Env vars on NODE1 (router):

ALERT_BACKEND=auto           # Postgres → Memory fallback
DATABASE_URL=postgresql://...

Monitor agent: configure source: monitor@node1, use alert_ingest_tool.ingest.

Operational Scenarios

Alert storm protection

Alert deduplication prevents storms. If alerts are firing repeatedly:

Check occurrences field — same alert ref means dedupe is working
Adjust dedupe_ttl_minutes per alert (default 30)
If many different fingerprints create new records — review Monitor fingerprint logic

False positive alert

alert_ingest_tool.ack with note="false positive"
No incident created (or close the incident if already created via oncall_tool.incident_close)

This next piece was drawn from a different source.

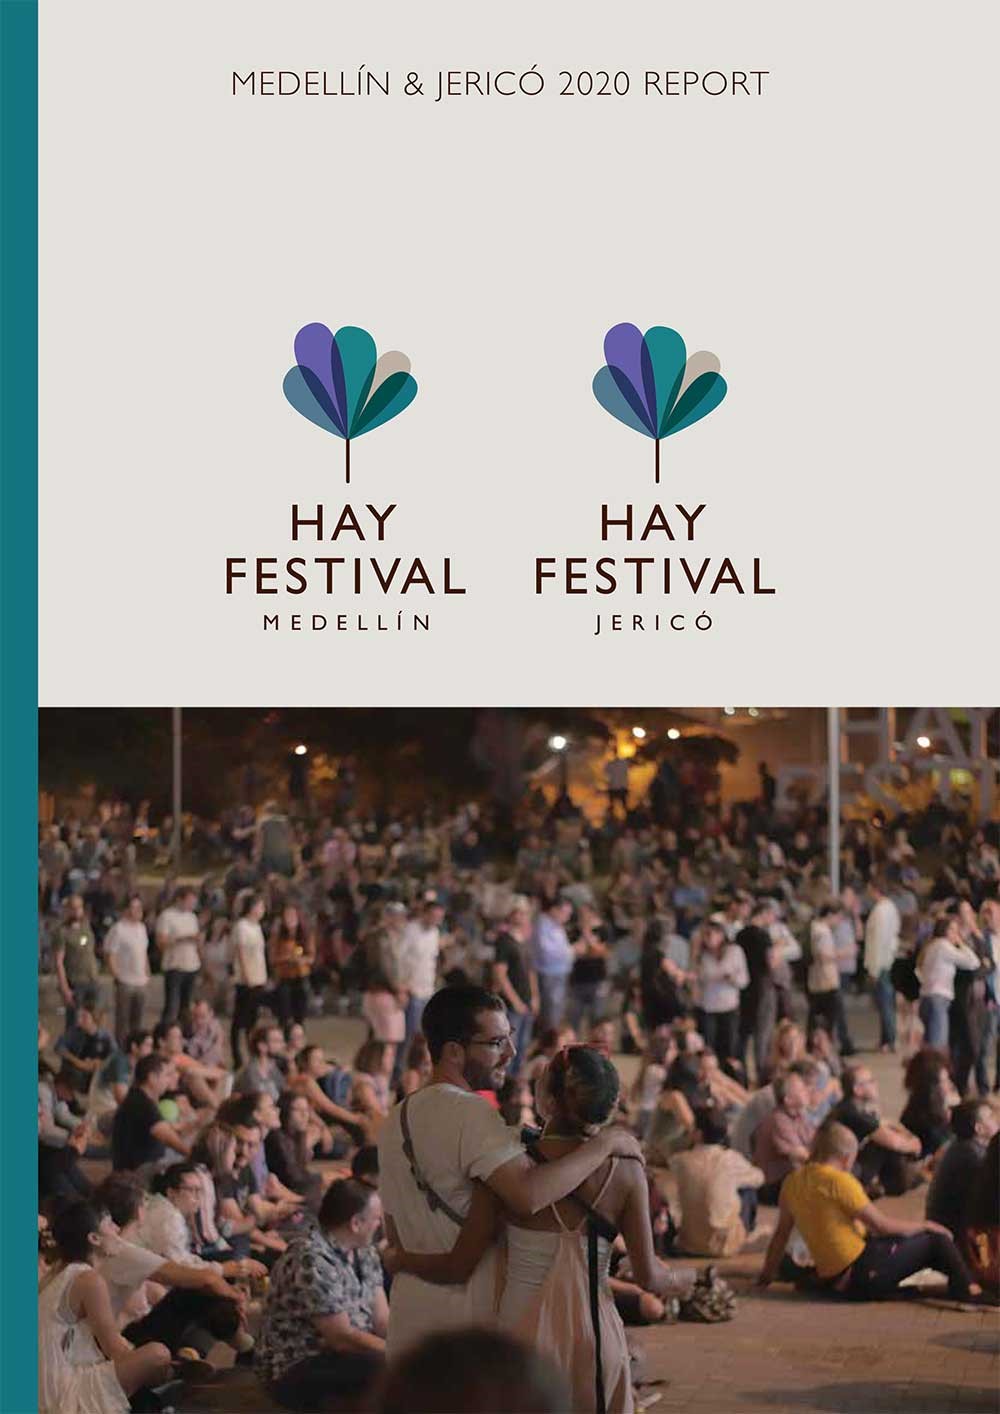 Hay Festival Medellín & Jericó 2020 Report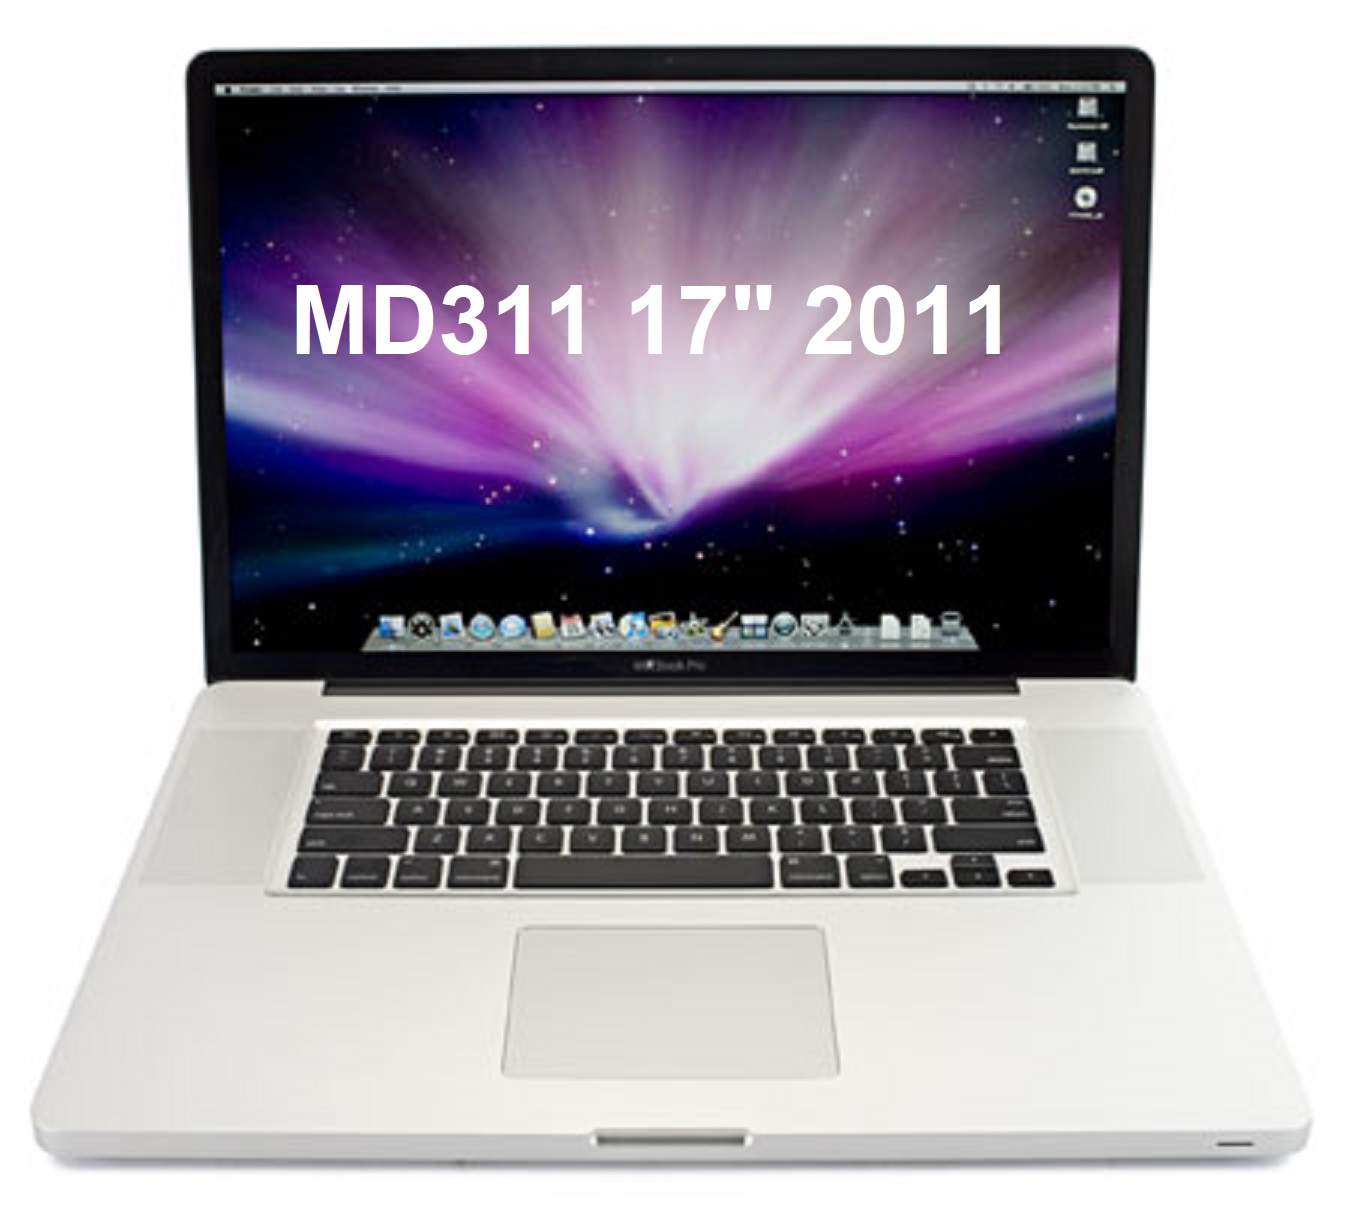 MacBook Pro 17-Inch Late 201 i7-2760QM 2.4 GHz RAM 8GB HDD 1TB MD311 MacBookPro8,3 A1297 -EMC 2564

Alert → Incident conversion

# Sofiia or oncall agent calls:
oncall_tool.alert_to_incident(
    alert_ref="alrt_...",
    incident_severity_cap="P1",
    dedupe_window_minutes=60
)

View recent alerts (by status)

# Default: all statuses
alert_ingest_tool.list(window_minutes=240, env="prod")

# Only new/failed (unprocessed):
alert_ingest_tool.list(window_minutes=240, status_in=["new","failed"])

Claim alerts for processing (Supervisor loop)

# Atomic claim — locks alerts for 10 min
alert_ingest_tool.claim(window_minutes=240, limit=25, owner="sofiia-supervisor", lock_ttl_seconds=600)

Mark alert as failed (retry)

alert_ingest_tool.fail(alert_ref="alrt_...", error="gateway timeout", retry_after_seconds=300)

Operational dashboard

GET /v1/alerts/dashboard?window_minutes=240
# → counts by status, top signatures, latest alerts

GET /v1/incidents/open?service=gateway
# → open/mitigating incidents

Monitor health check

Verify Monitor is pushing alerts:

alert_ingest_tool.list(source="monitor@node1", window_minutes=60)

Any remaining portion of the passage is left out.